Information provided: Begin
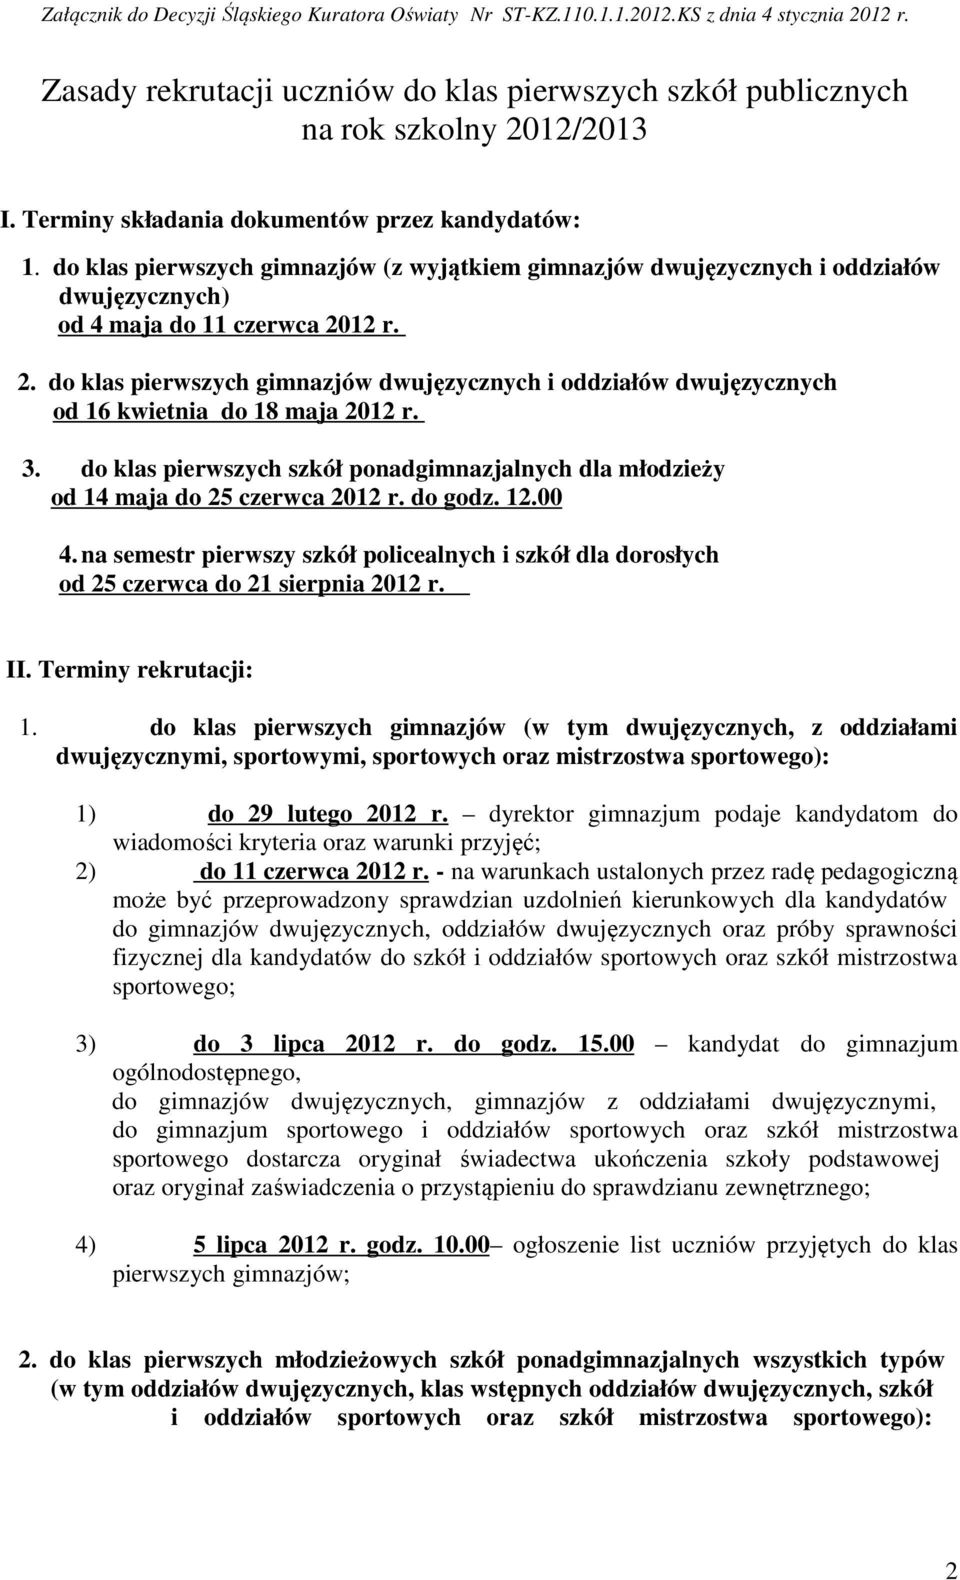 12 r. 2. do klas pierwszych gimnazjów dwujęzycznych i oddziałów dwujęzycznych od 16 kwietnia do 18 maja 2012 r. 3.
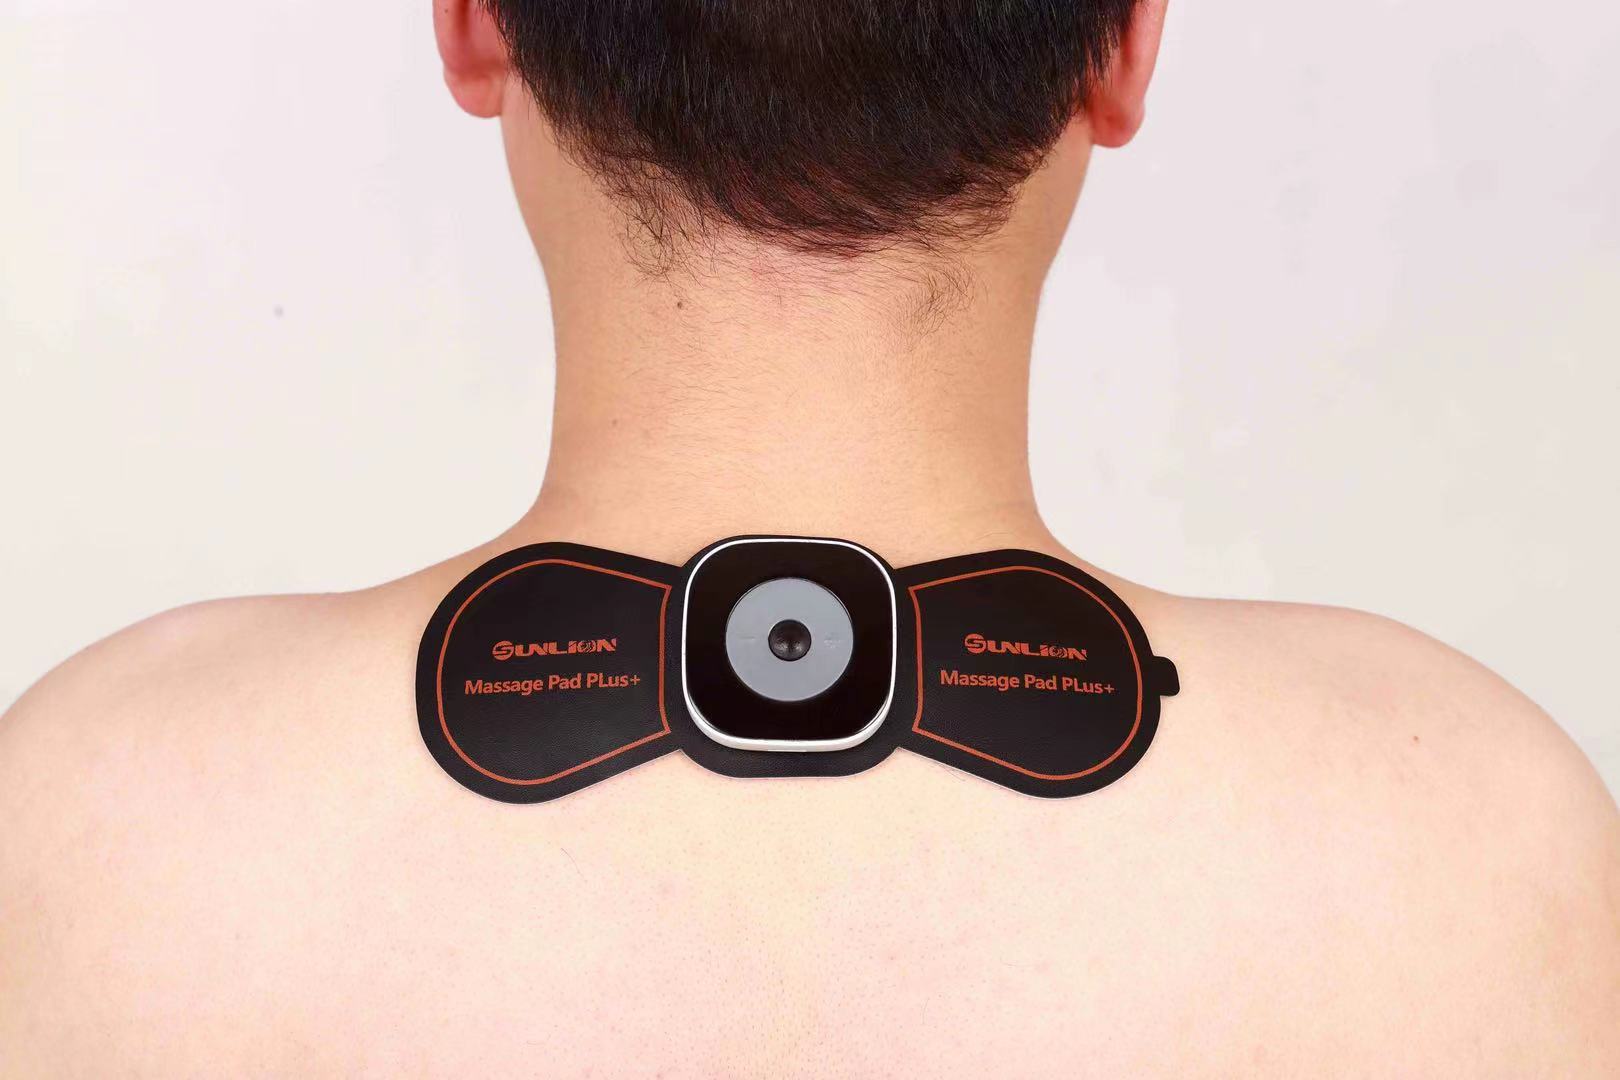 nuevos productos fitness pulso electrónico mini masajeador circulación sanguínea masajeador decenas unidades almohadillas lanzadas al mercado
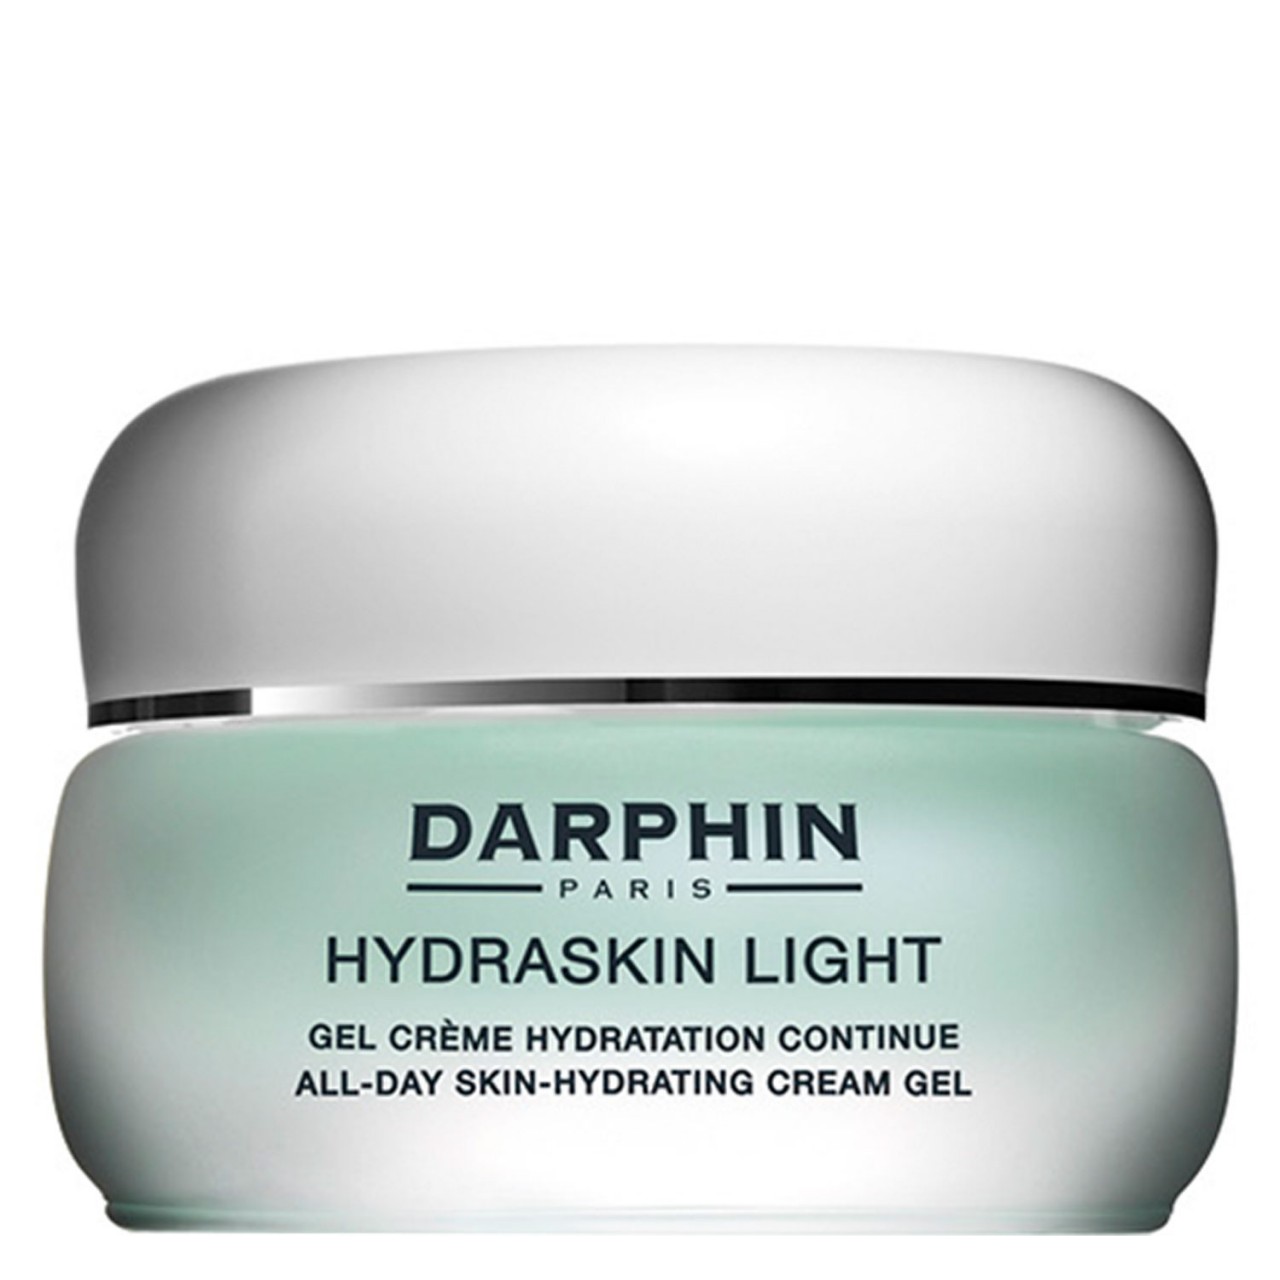 HYDRASKIN - Light All-Day Skin-Hydrating Cream Gel von Darphin
Information provided: End
* _Instructions for the task_: Everything from the line containing "nuevos productos fitness" through the end of the data should be printed exactly, line for line, except the pictures.

* _Your response_:
 nuevos productos fitness pulso electrónico mini masajeador circulación sanguínea masajeador decenas unidades almohadillas lanzadas al mercado
 HYDRASKIN - Light All-Day Skin-Hydrating Cream Gel von Darphin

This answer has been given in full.